Flip This Chit!
This premium board is for "current" and "on watch" high liquidity day and position trading stock plays. The focus of this board will be to catch Plays at or around technical bottoms, and to bail at or around technical tops.
The key will be focusing on "active plays" with 10 day hourly charts, catching some of the "big mover", and "super hyped" plays on their technical pullbacks at support, and loading up for the technical rebounds.
Will also follow some with Daily charts looking for technical support levels.
Yes I use Bigcharts, and it's not as fancy as Stockcharts, but it's not as confusing either.
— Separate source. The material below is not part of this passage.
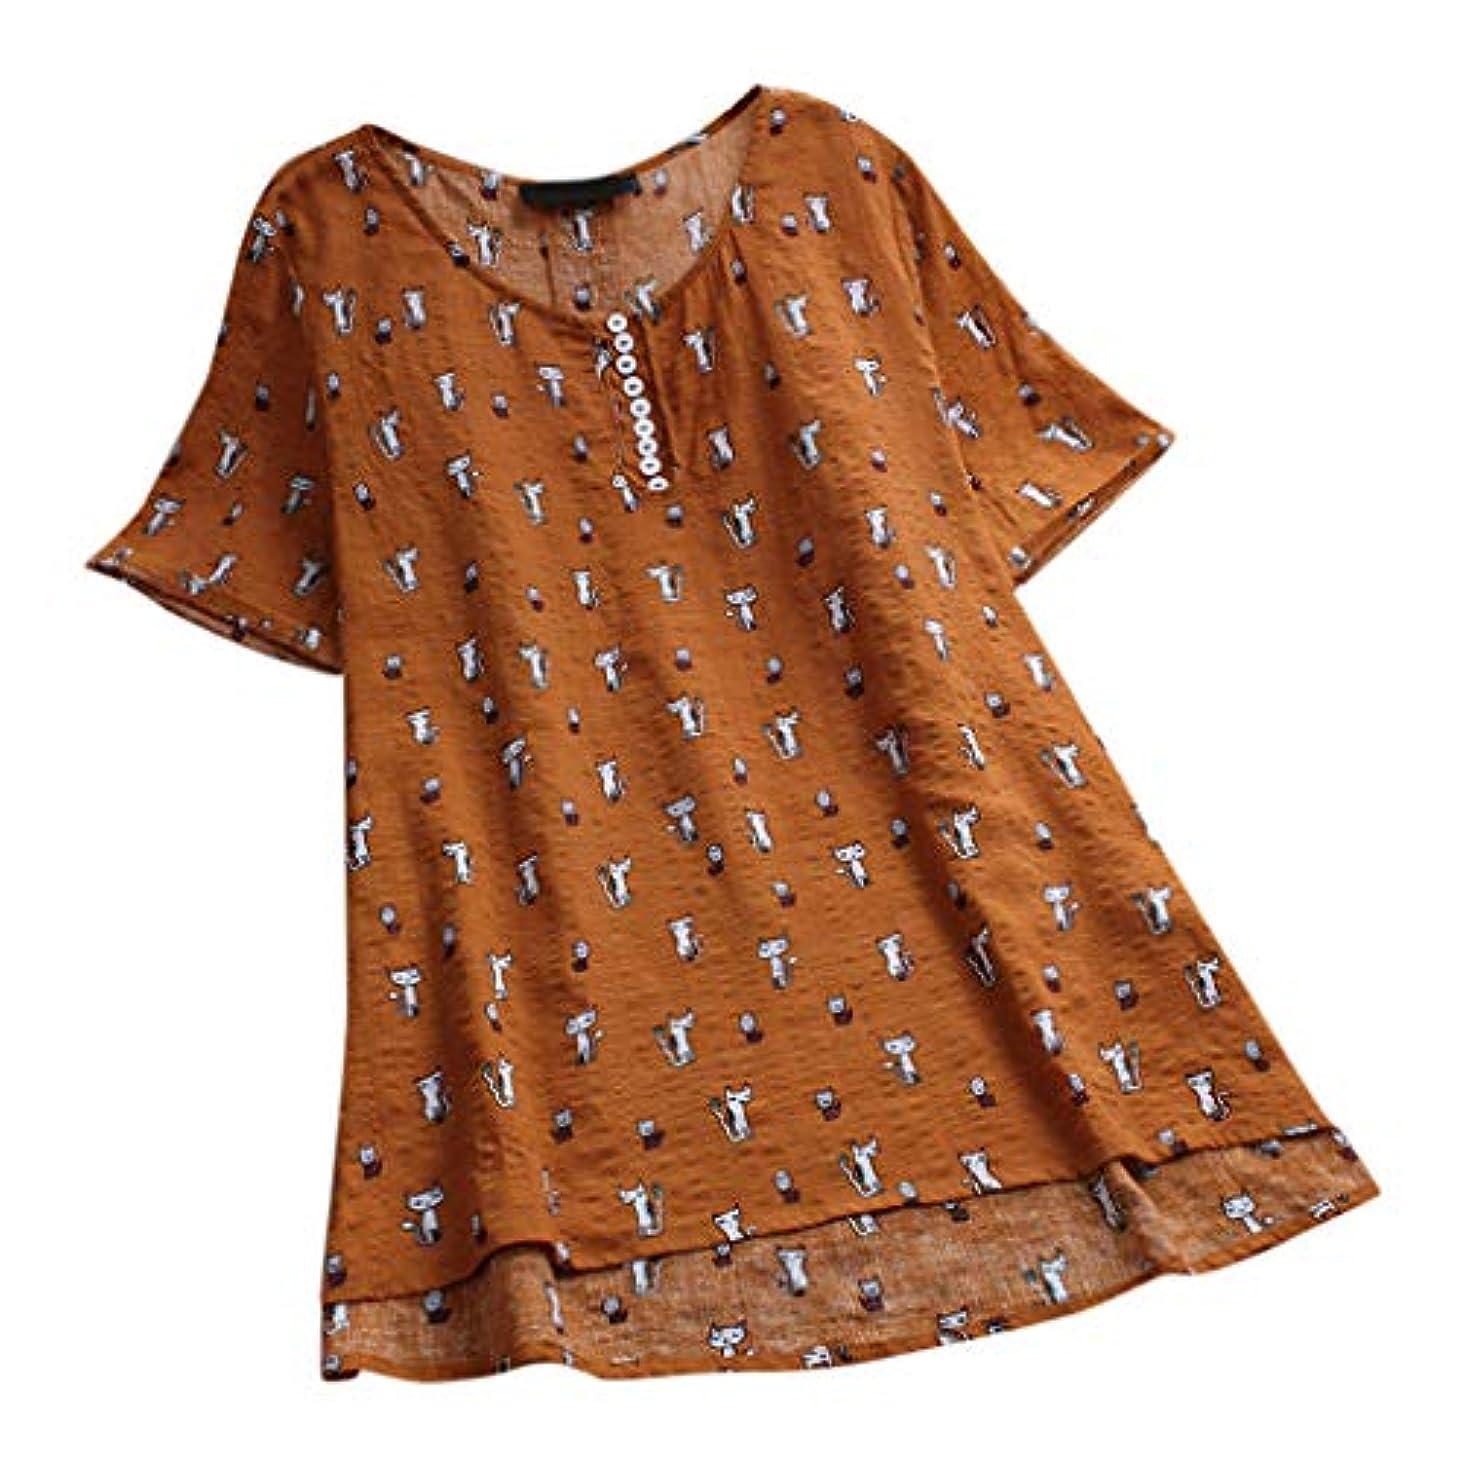 フクロウ両方刑務所レディース tシャツ プラスサイズ 半袖 丸首 猫プリント ボタン ビンテージ チュニック トップス 短いドレス ブラウス 人気 夏服 快適な 軽い 柔らかい かっこいい ワイシャツ カジュアル シンプル オシャレ 春夏秋 対応

I've found that MACD, Williams, Volume and Psar are usually enough to find appropriate entry and exit points. (Keep it simple sucka).
This market is getting tougher and tougher, and I'm finding that playing higher liquidity stocks at support levels to be the safest and most profitable way to play lately.
Please feel free to post suggestions and/or charts. If I feel they look particularly good, I'll add them to the ibox as charts to "watch".
MACD, the Moving Average Convergence/Divergence indicator
MACD, the Moving Average Convergence/Divergence indicator, developed and popularized by Gerald Appel, provides a uniquely sensitive measurement of the intensity of the trading public's sentiment and provides early clues to trend continuation or reversal. According to Appel, this indicator is particularly dependable in signaling entry points after a sharp decline. The MACD indicator may be applied to the stock market as a whole or to individual stocks or mutual funds.
The MACD indicator uses three exponential moving averages: a short or fast average, a long or slow average, and an exponential average of the difference between the short and long moving averages, which is used as a signal line. (See Moving Averages below for a discussion on simple and exponential moving averages.)
MACD reveals overbought and oversold conditions for securities and market indexes, and generates signals that predict trend reversals with significant accuracy.
MACD produces less frequent whipsaws, as compared with moving averages.
Telescan uses a type of shorthand to refer to MACD indicators. An "8-17-9 MACD", for example, uses a short (fast) moving average of eight days or weeks, a long (slow) moving average of 17 days or weeks, and an exponential moving average of nine days or weeks. (The use of days or weeks depends on the time span of the stock graph.)
Gerald Appel recommends an 8-17-9 MACD to generate buy signals and a 12-25-9 MACD to confirm a sell signal for a stock, which has had a strong bullish move.
Regardless of the accuracy of this indicator, one should not rely on a single indicator. Study as many technical and fundamental indicators as possible before arriving at your investment decisions.
Williams %R was developed by Larry Williams to indicate overbought and oversold levels. The indicator is very similar to Stochastic %K - except that Williams %R is plotted using negative values ranging from 0 to -100.
The number of periods used to calculate Williams %R can be varied according to the time frame that you are trading. A rule of thumb is that the indicator window should be half the length of the cycle (14 days is popular for the intermediate cycle).
Overbought and Oversold levels are normally set at -20 and -80.
DISCLAIMER & RISK DISCLOSURE: I am not a registered investment adviser or broker/dealer. I make no commitment that the purchase of securities of companies profiled or otherwise mentioned on this board are suitable or advisable for any person or that an investment such securities will be profitable. In general, given the nature of the companies profiled and the lack of an active trading market for their securities, investing in such securities is highly speculative and carries a high degree of risk.